By far the most common form of optimization for neural network training is stochastic gradient descent (SGD). SGD has many variations including Adam (adaptive momentum estimation), Adagrad (adaptive gradient), and so on. All SGD-based optimization algorithms use the Calculus derivative (gradient) of an error function. But there are dozens of alternative optimization techniques that don't use gradients. Examples include bio-inspired optimization techniques such as genetic algorithms and particle swarm optimization, and geometry-inspired techniques such as Nelder-Mead (also known as simplex, or amoeba method).

This article explains how to implement a geometry-inspired optimization technique called spiral dynamics optimization (SDO). A good way to see where this article is headed is to take a look at the screenshot of a demo program in Figure 1. The demo program uses SDO to solve the Rosenbrock function in three dimensions.

Figure 1: Using Spiral Dynamics Optimization to Solve the Rosenbrock Function.
[Click on image for larger view.] Figure 1: Using Spiral Dynamics Optimization to Solve the Rosenbrock Function.

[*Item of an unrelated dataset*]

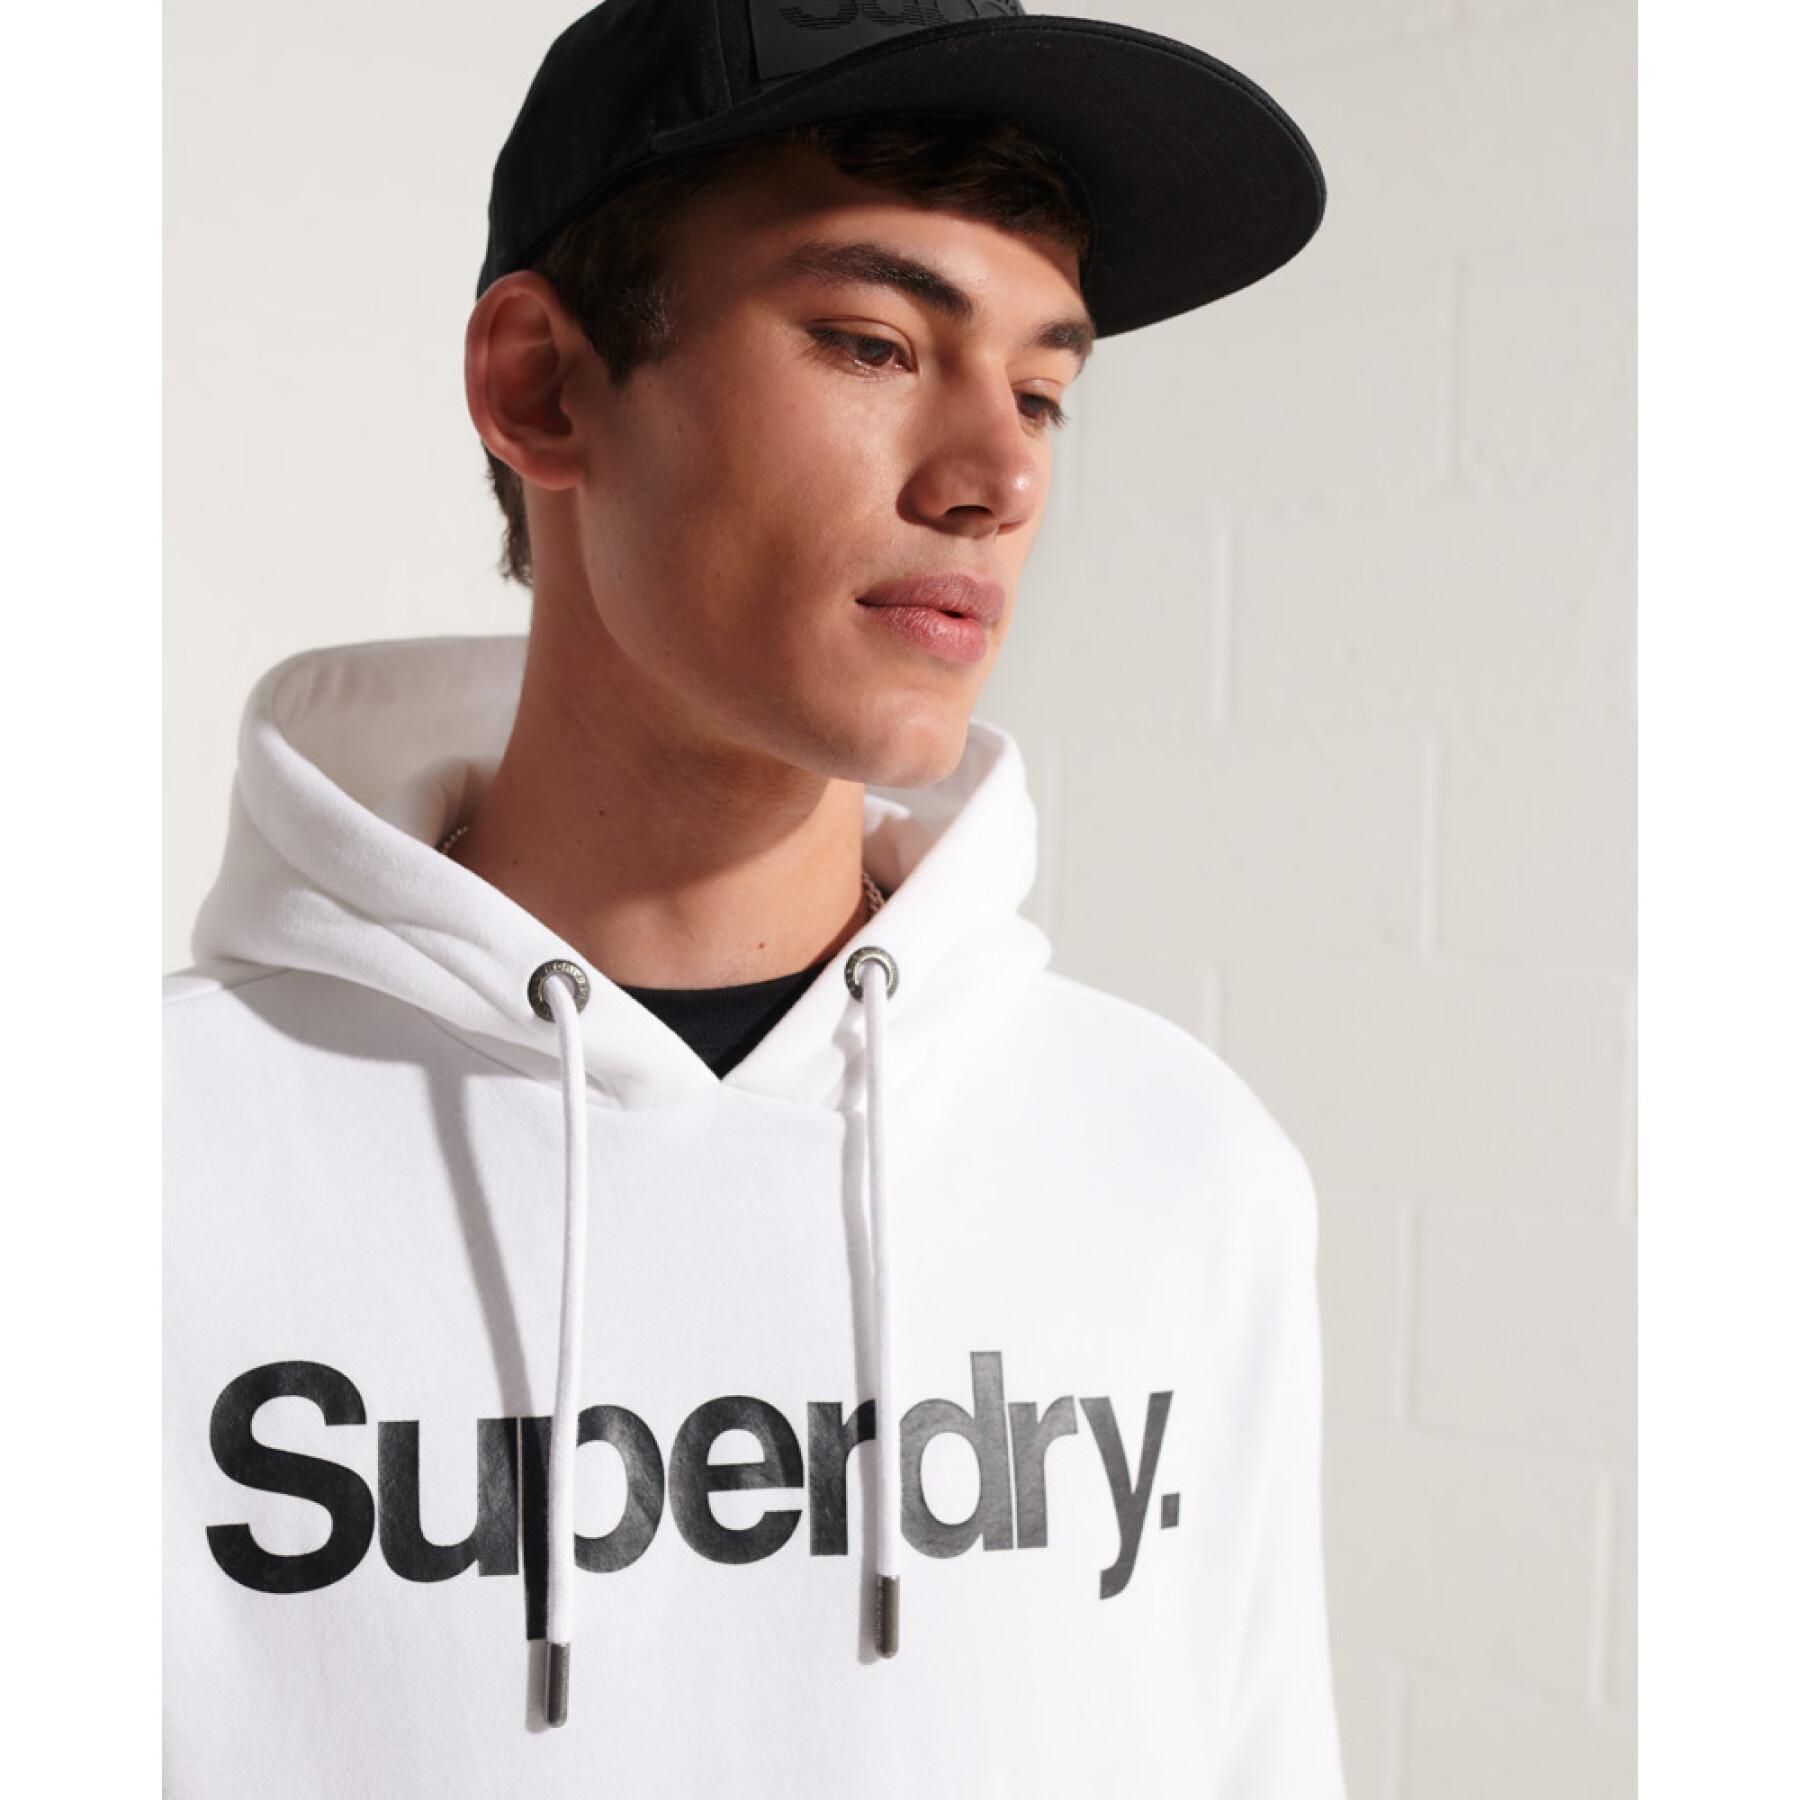 Sudadera con capucha Superdry Core Logo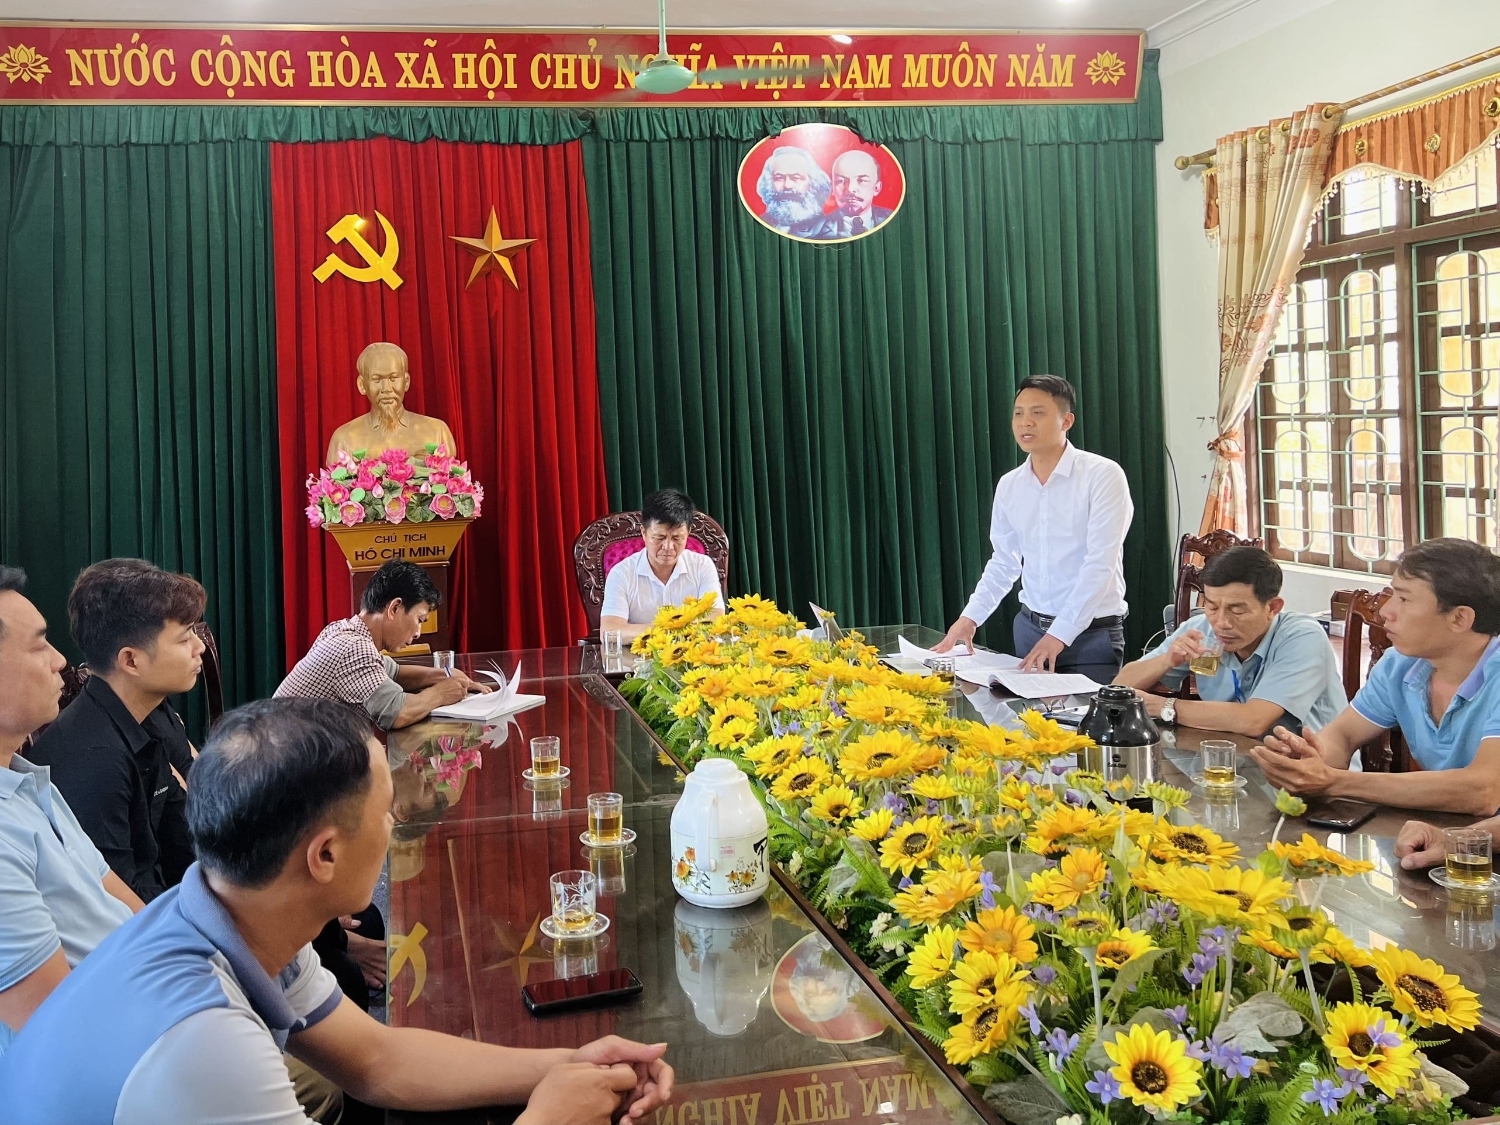 Đồng chí Hồ Cảnh Thuận, Thị ủy viên, BÍ thư Đảng ủy phát biểu chỉ đạo Chi bộ Nghề cá

The Rosenbrock function with dim = 3 has a known solution of 0.0 at (1, 1, 1). The demo program sets up m = 50 random points where each point is a possible solution. SDO has two parameters: theta set to pi / 3 = 1.0472 and r set to 0.98. These parameters will be explained shortly. The demo program iterates 1,000 times. On each iteration, each of the 50 possible solution points moves towards the current best-known solution according to spiral geometry. After 1,000 iterations, the best solution found is at (1.0003, 1.0006, 1.0012) which is quite close to the true solution at (1, 1, 1).


This article assumes you have an intermediate or better familiarity with a C-family programming language. The demo program is implemented using Python but you should have no trouble refactoring to another language such as C# or JavaScript if you wish.

The complete source code for the demo program is presented in this article and is also available in the accompanying file download. All normal error checking has been removed to keep the main ideas as clear as possible.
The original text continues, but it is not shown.